El anciano se puso en pie y saludó quitándose un momento el sombrero con una gran sonrisa en la cara. No era ya el hombre adusto al que Ellershaw amenazaba, ni el intrigante que se entrevistaba en secreto con Forester. El que allí vi era un hombre inteligente en la última etapa de su vida, que quería asegurarse cierto bienestar para sí y quizá también para aquel hijo al que se había referido Ellershaw. La intriga con las telas falsas había sido perpetrada contra Forester con la ayuda de Thurmond. Ahora me daba cuenta de que las amenazas en contra del anciano y la confrontación en Sadler's Wells habían sido escenificadas para engañarnos a Forester y a mí. Comprendí también, finalmente, cuál había sido el verdadero objetivo de mi presencia en Craven House: hacerle creer a Forester que sus intrigas estaban amenazadas por una investigación externa, para que centrara sus sospechas en mí en vez de hacerlo en Thurmond. Para que creyera que existía una conjura en su contra y que eso lo incitara a asestar un golpe que podría fallar y que, en su fallo, montaría el tinglado al que se encaramaría Ellershaw para proclamar su triunfo.

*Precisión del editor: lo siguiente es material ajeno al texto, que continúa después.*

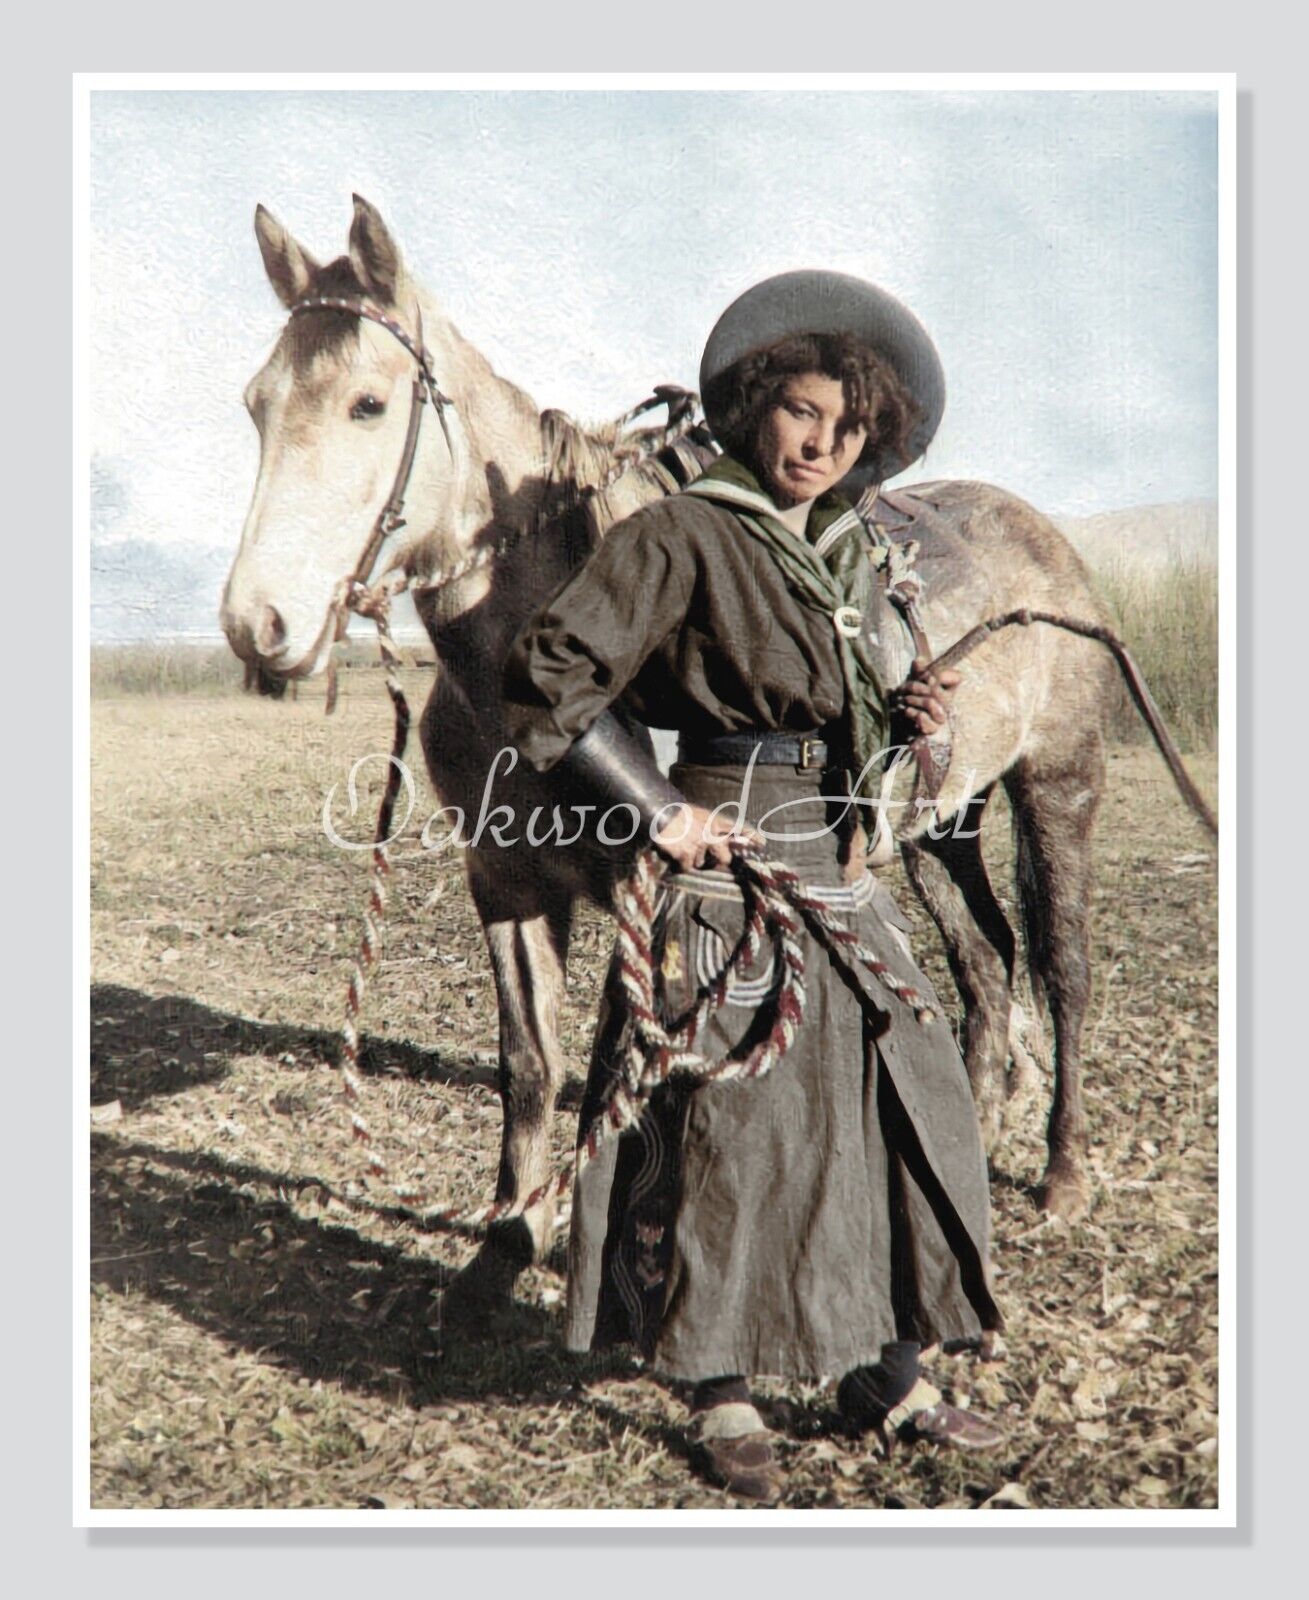 Cowgirl Nellie Brown, Black Woman & Horse, Vintage Colorized Photo Reprint
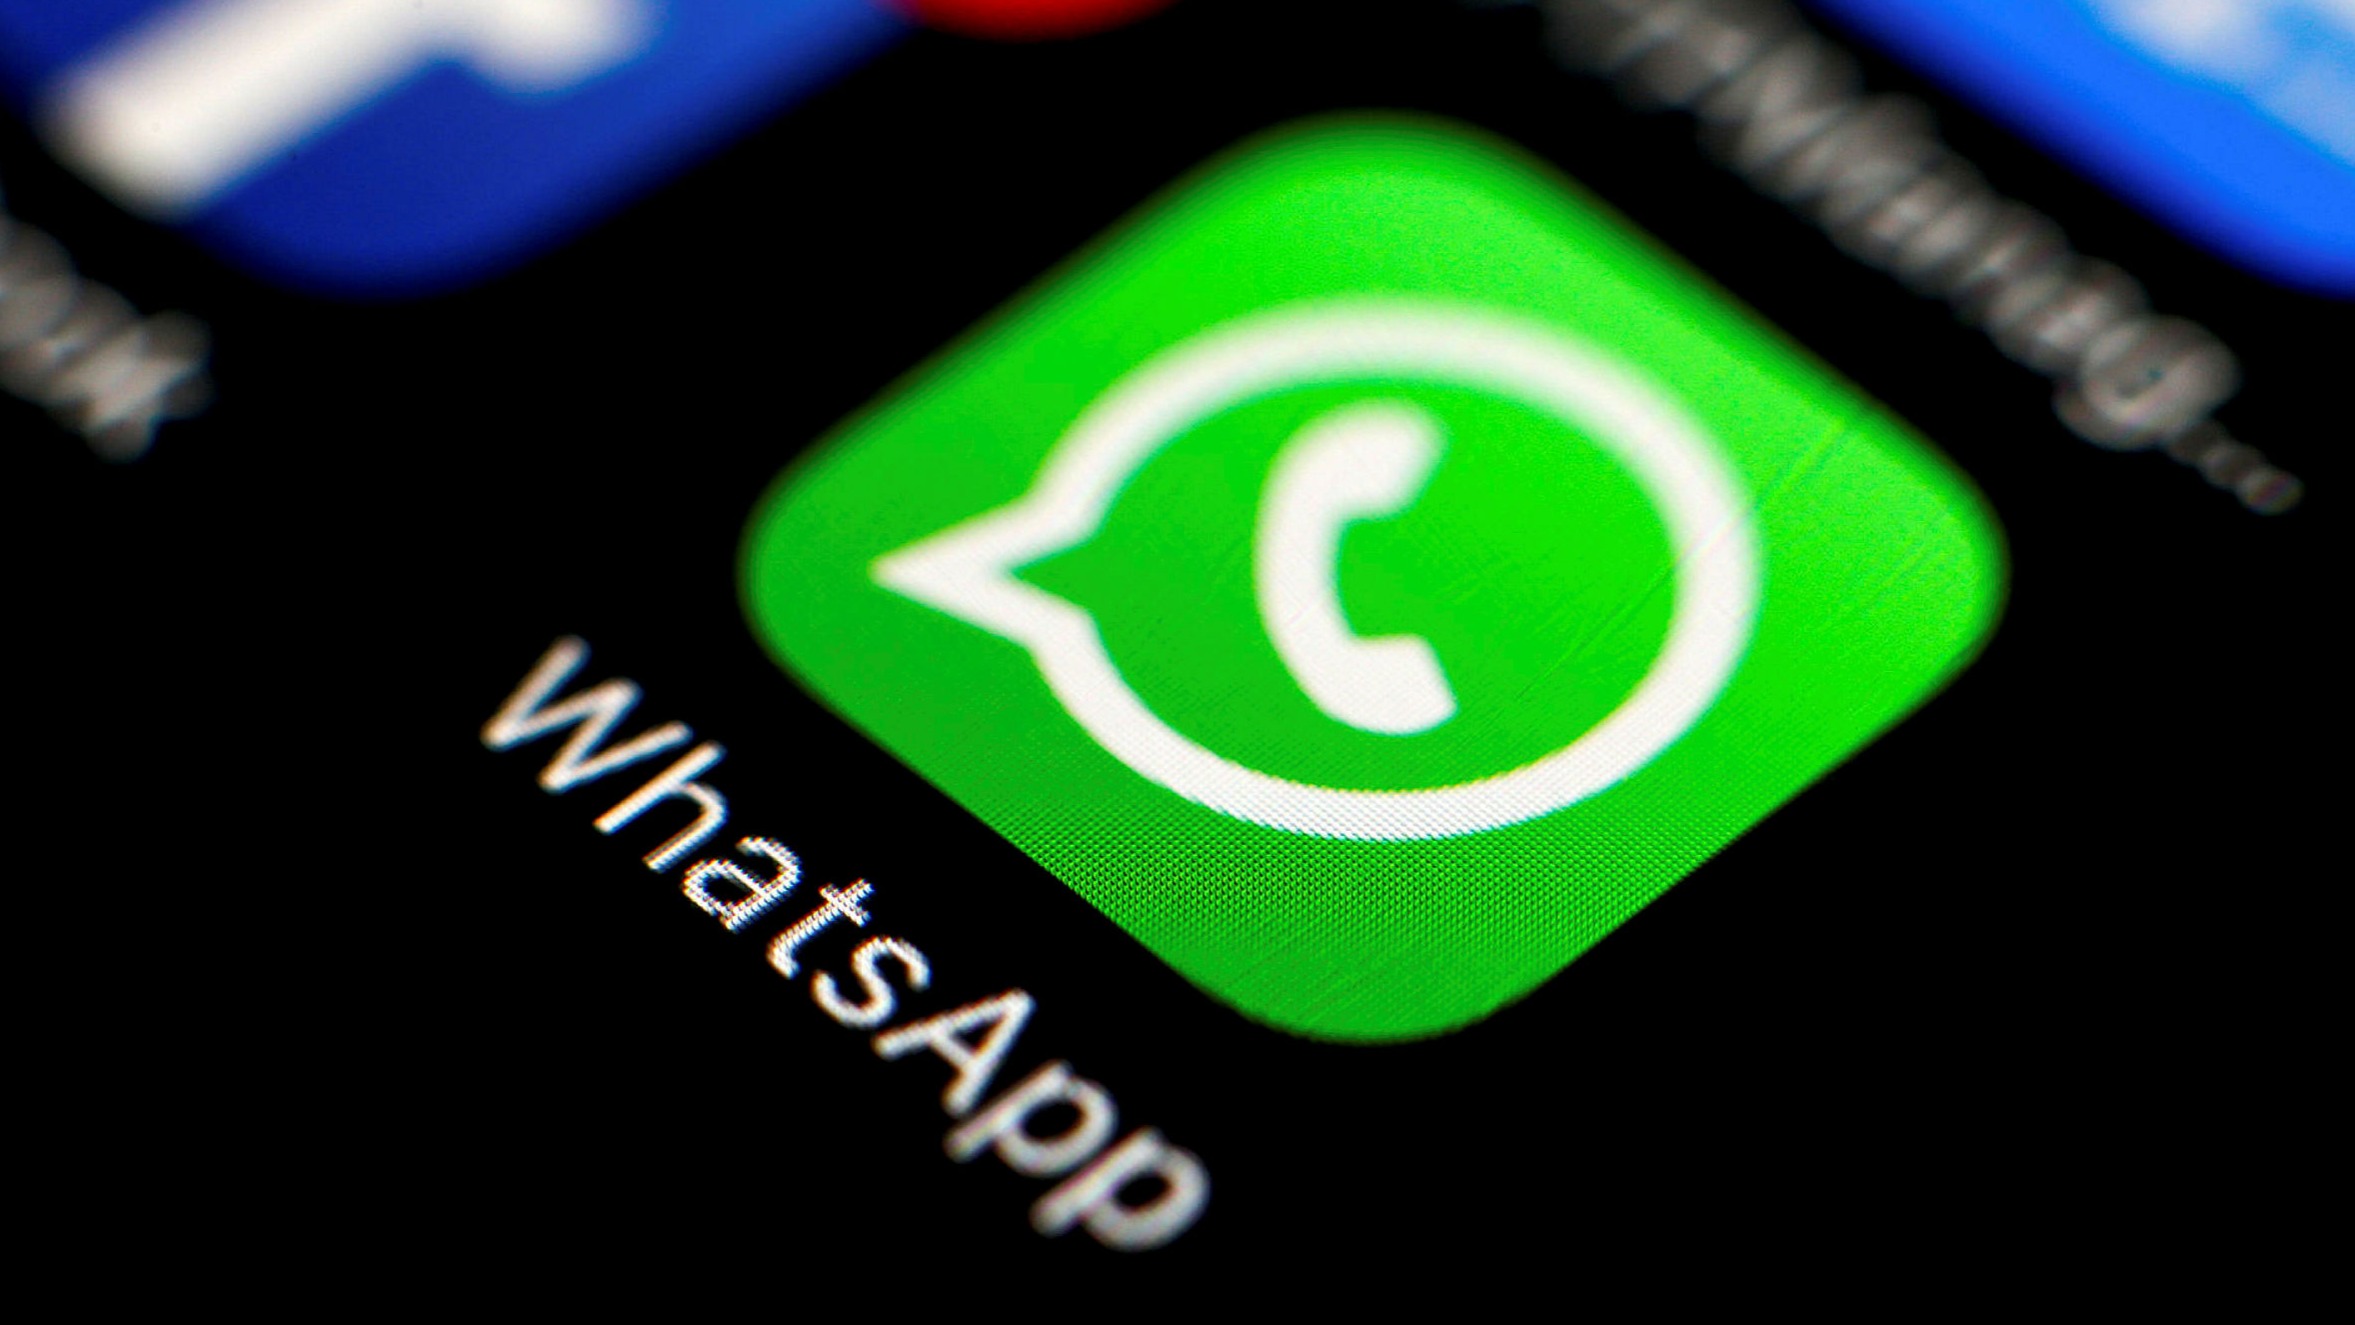 WhatsApp fined €225m for not telling users how it shared data with Facebook | Financial Times

La sala era ahora una escena de gozoso tumulto, con Ellershaw estrechando manos a diestro y siniestro y los miembros de la junta dándole a Thurmond palmadas en la espalda y recibiendo su proyecto como si fuera una heroicidad. Lo cual me parecía a mí de lo más curioso, puesto que había obtenido este estatus traicionando a sus aliados de siempre. Me pregunté si esto le impediría traicionar más adelante a los intrigantes de Craven House. Aunque me dije que tal vez aquello no significaría nada: después de todo, esos hombres vivían solo de un período a otro, de una reunión de la junta a la siguiente. ¿Qué podía importar una futura traición, comparada con un éxito inmediato?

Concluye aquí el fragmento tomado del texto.